# What type of grapes are Sun Maid raisins?



## suprasteve (Nov 30, 2008)

The local supermarket had a buy one get one sale on raisins so I picked up a few boxes, like 6lbs or so. I figure I'll eat some




and the rest I'll throw in various wine projects. I don't know what kind of grape is used in the regular ol' red box of sun maid raisins but I'm sure it's not a common wine grape. All the boxes say is 'california seedless raisins'. So I guess my question is what styles of wine would benefit from them (like a cabernet?) and would they complement most of the fuller fruit wines? Thanks!


----------



## dfwwino (Nov 30, 2008)

The Sun-Maid girl in the red bonnet is holding a bucket of Thompson grapes.


----------



## NorthernWinos (Nov 30, 2008)

Some boxes/bags are darker raisins and some are lighter, says Golden Raisins...

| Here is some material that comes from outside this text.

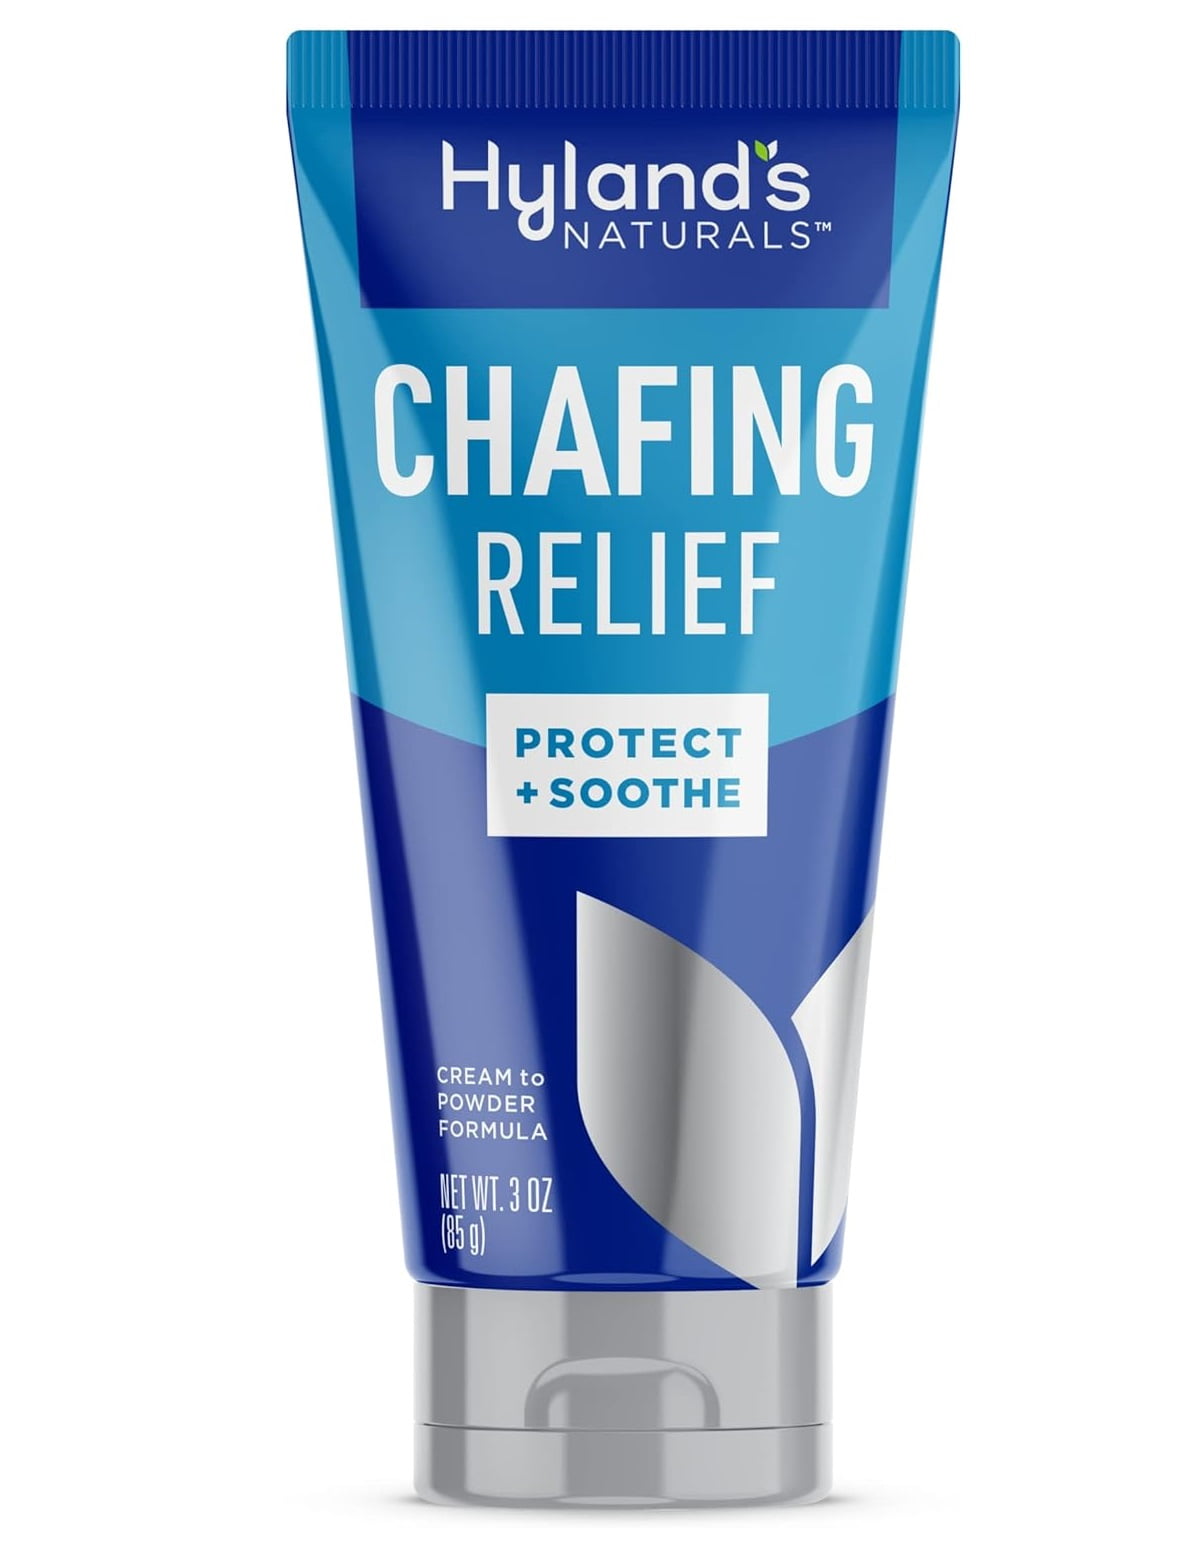 Hyland's Chafing Relief, Cream-to-powder, non-greasy formula, Protects &  Soothes Skin, 3 oz 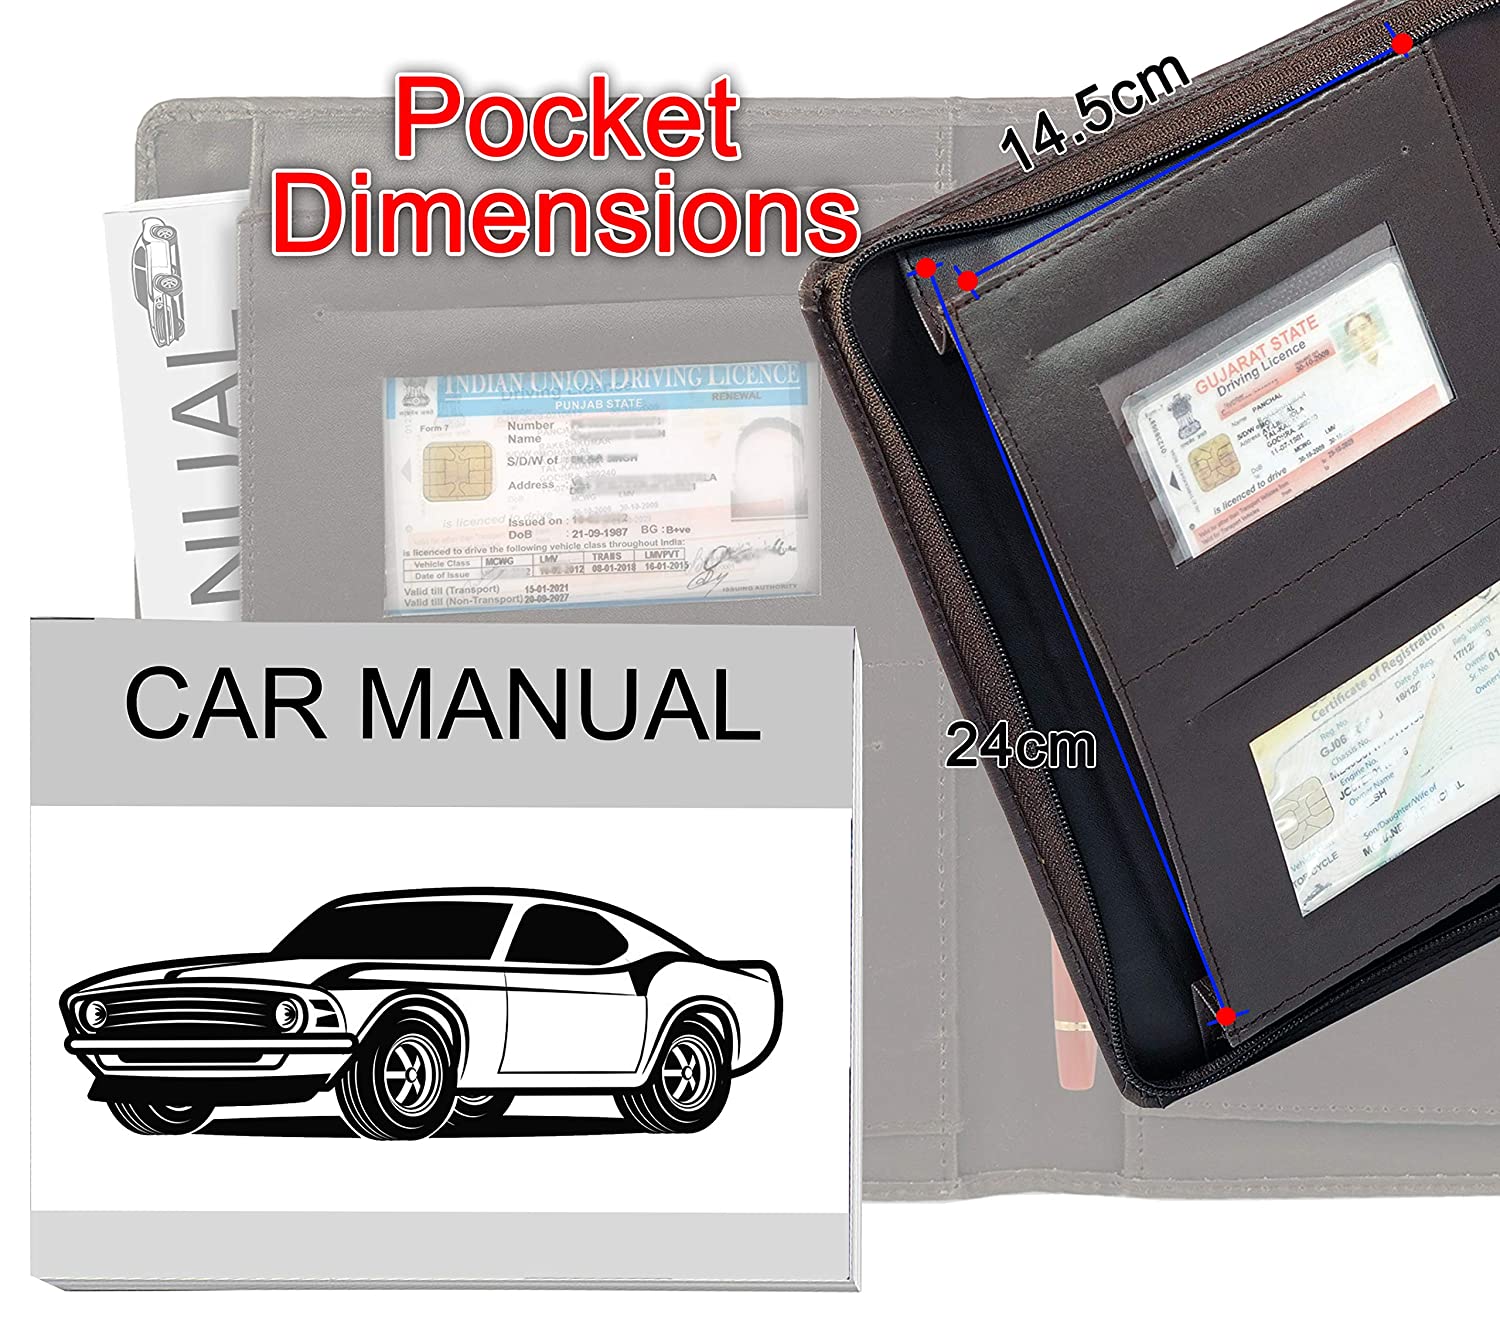 Canvas kwmobile Registration and Insurance Holder Car Document Holder for Vehicle Documents and Cards Grey/Black

Might be just the way they are processed.


----------



## Wade E (Nov 30, 2008)

I would notadd these to anything over a 10 liter kit as you will most likely being taking the quality down instead. They will give a weaker wine a little more body.


----------



## TankCa (Nov 30, 2008)

They are driedThompson Seedless Grapes. Both dark and golden raisinscome from the same white grape, golden are dried with SO2 to preserve the color and dark are dried naturally. 


While not a vinifera wine grape they do make a lot of white jug wine from this grape, much of the Chablis from California is actually Thompson Seedless.


I grew up in Fresno, Ca. which is about 15 miles from the Raisin Capital of the World, Selma, California.According to their website 93% of the worlds raisins come from this area.


http://www.cityofselma.com/chamber/facts.htmhttp://www.cityofselma.com/*Edited by: TankCa *


----------



## suprasteve (Nov 30, 2008)

thanks for the replies, looked up thompsons and as you have said, word is the flavors are not very complex and hence not necessarily the best wine grapes, but are occasionally used. I will probably use these for adding flavor to, say, strawberry or persimmon wine or something (unless that's a bad idea?), or just eat em! Thanks again!


----------



## Wade E (Nov 30, 2008)

I would not use them to add flavor, just to add body that fruit wines are usually lacking in.


----------